__Problem statement__
Every line from the one containing "美图摄影:海底美人鱼,如梦似幻,守候的王子在岸边吗" through the end of the listing below must be given again exactly, and nothing else; exclude pictures.

__Given material__

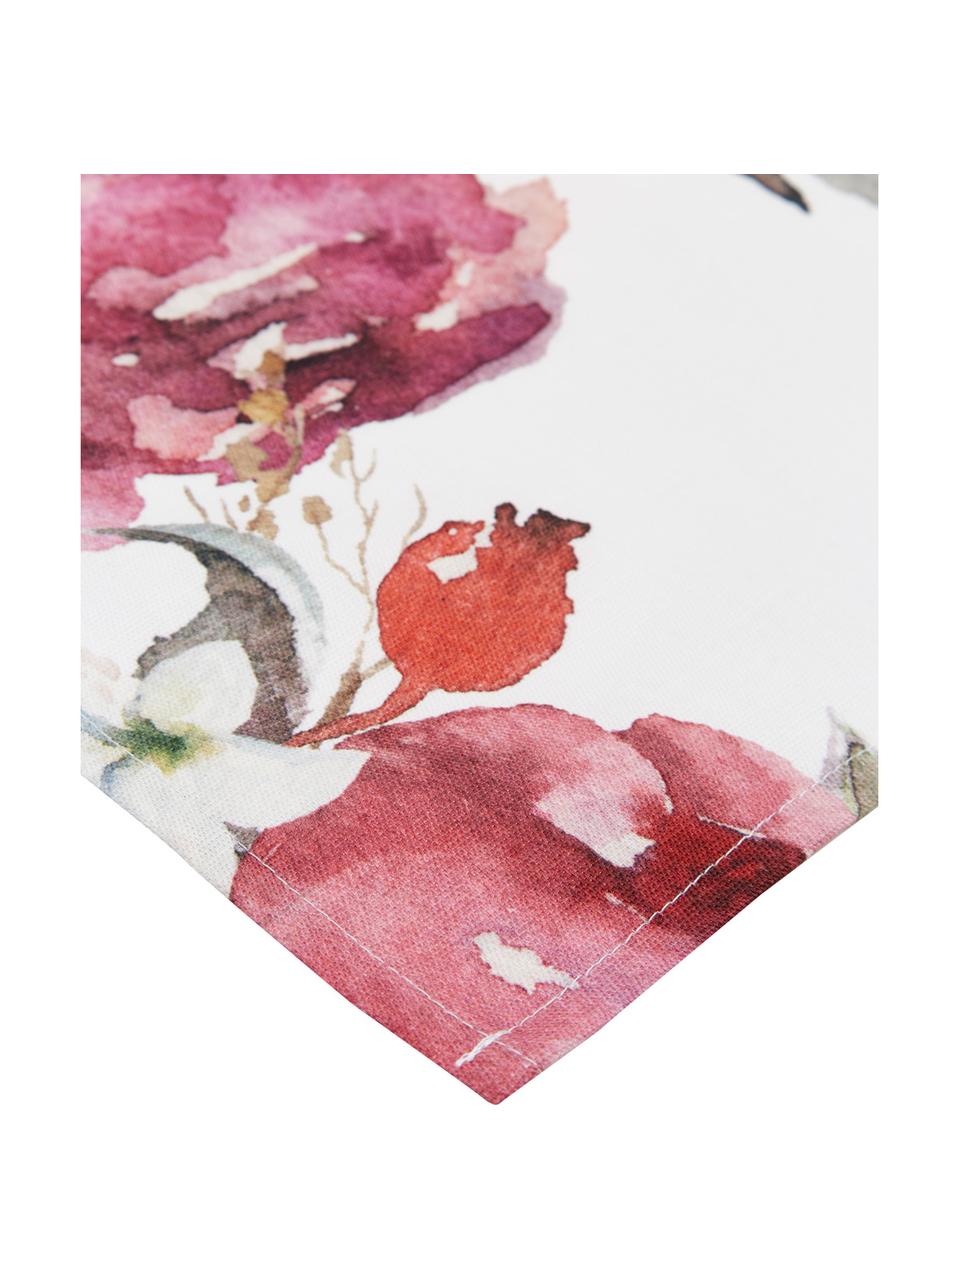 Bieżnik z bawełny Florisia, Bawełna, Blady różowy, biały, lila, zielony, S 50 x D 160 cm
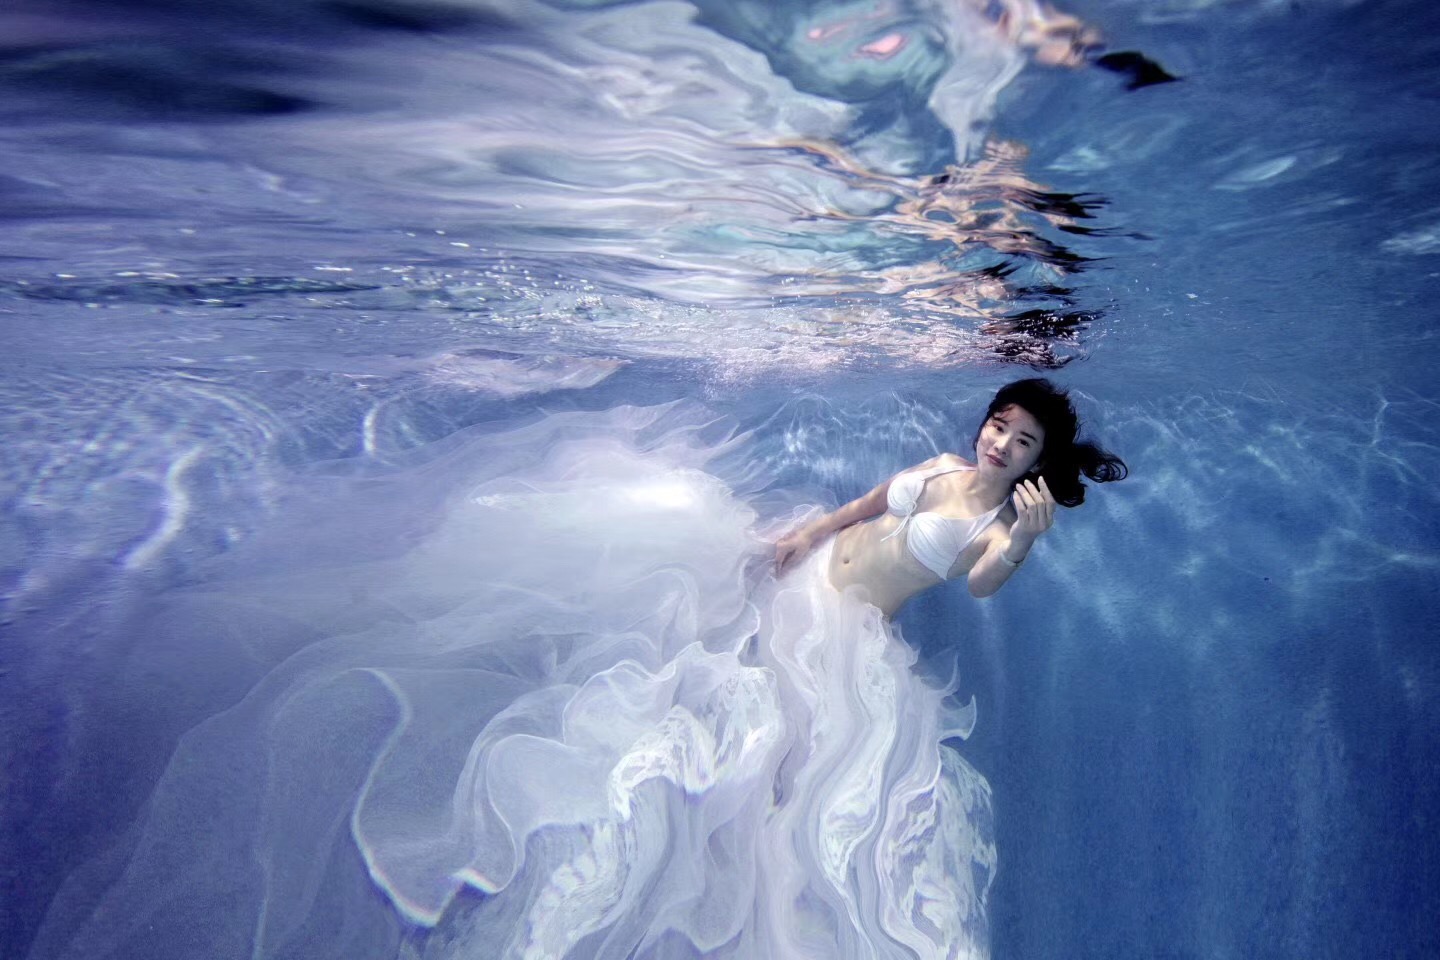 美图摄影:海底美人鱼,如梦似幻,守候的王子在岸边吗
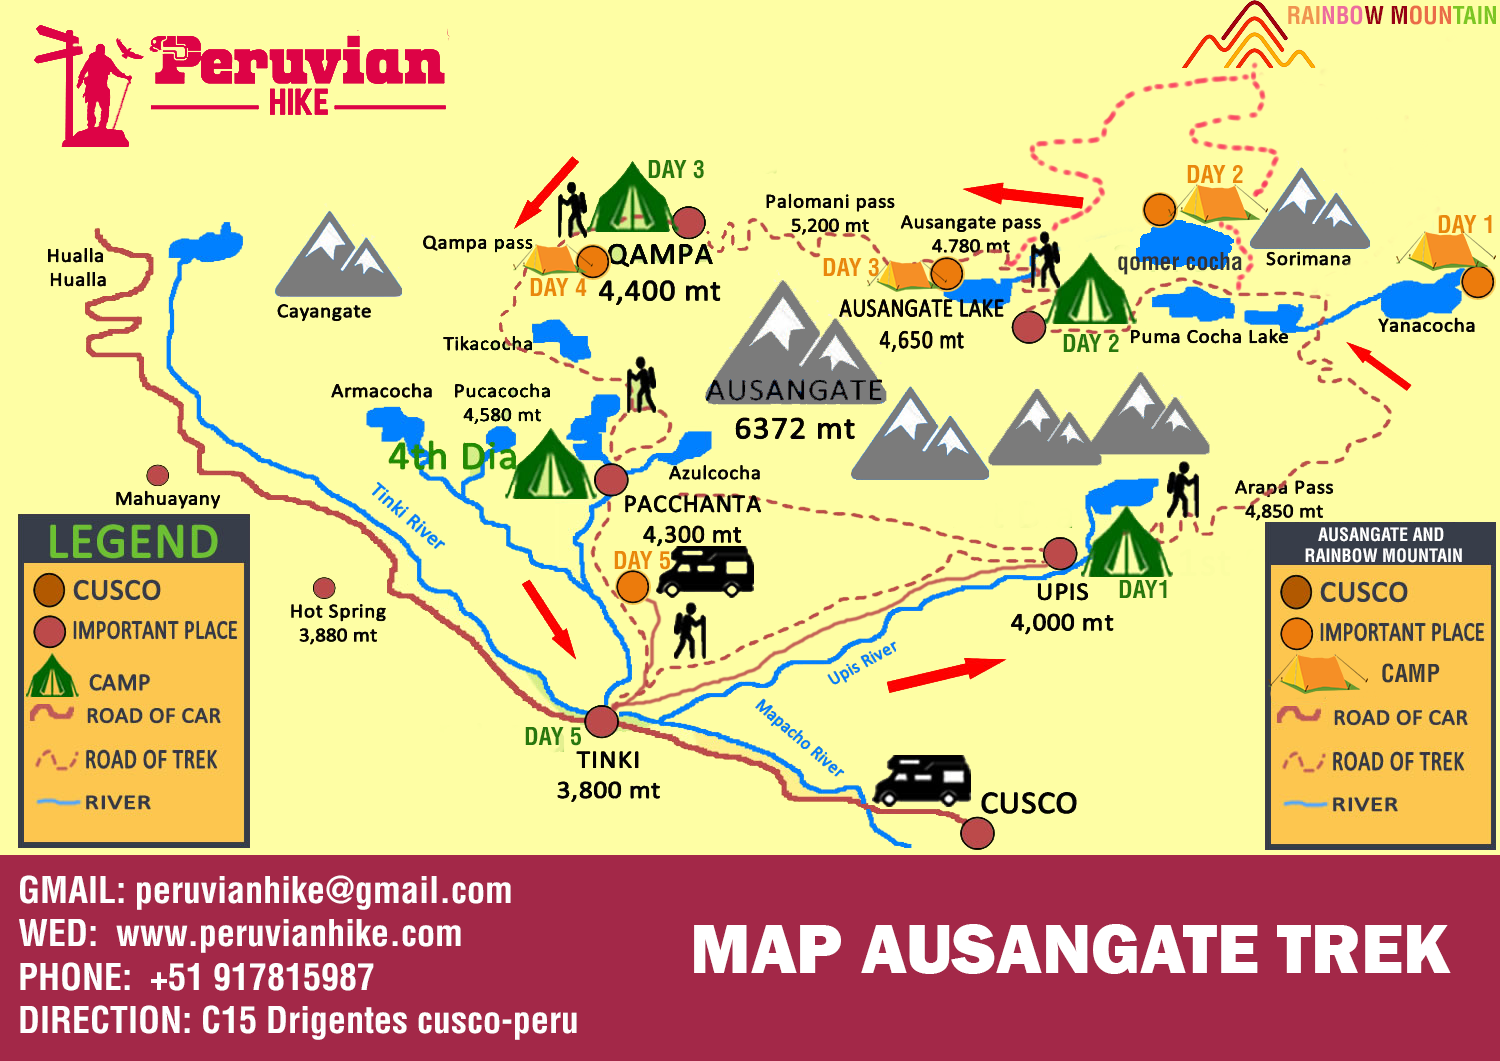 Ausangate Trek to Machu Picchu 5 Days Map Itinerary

__Solution for this task__
 美图摄影:海底美人鱼,如梦似幻,守候的王子在岸边吗
 Ausangate Trek to Machu Picchu 5 Days Map Itinerary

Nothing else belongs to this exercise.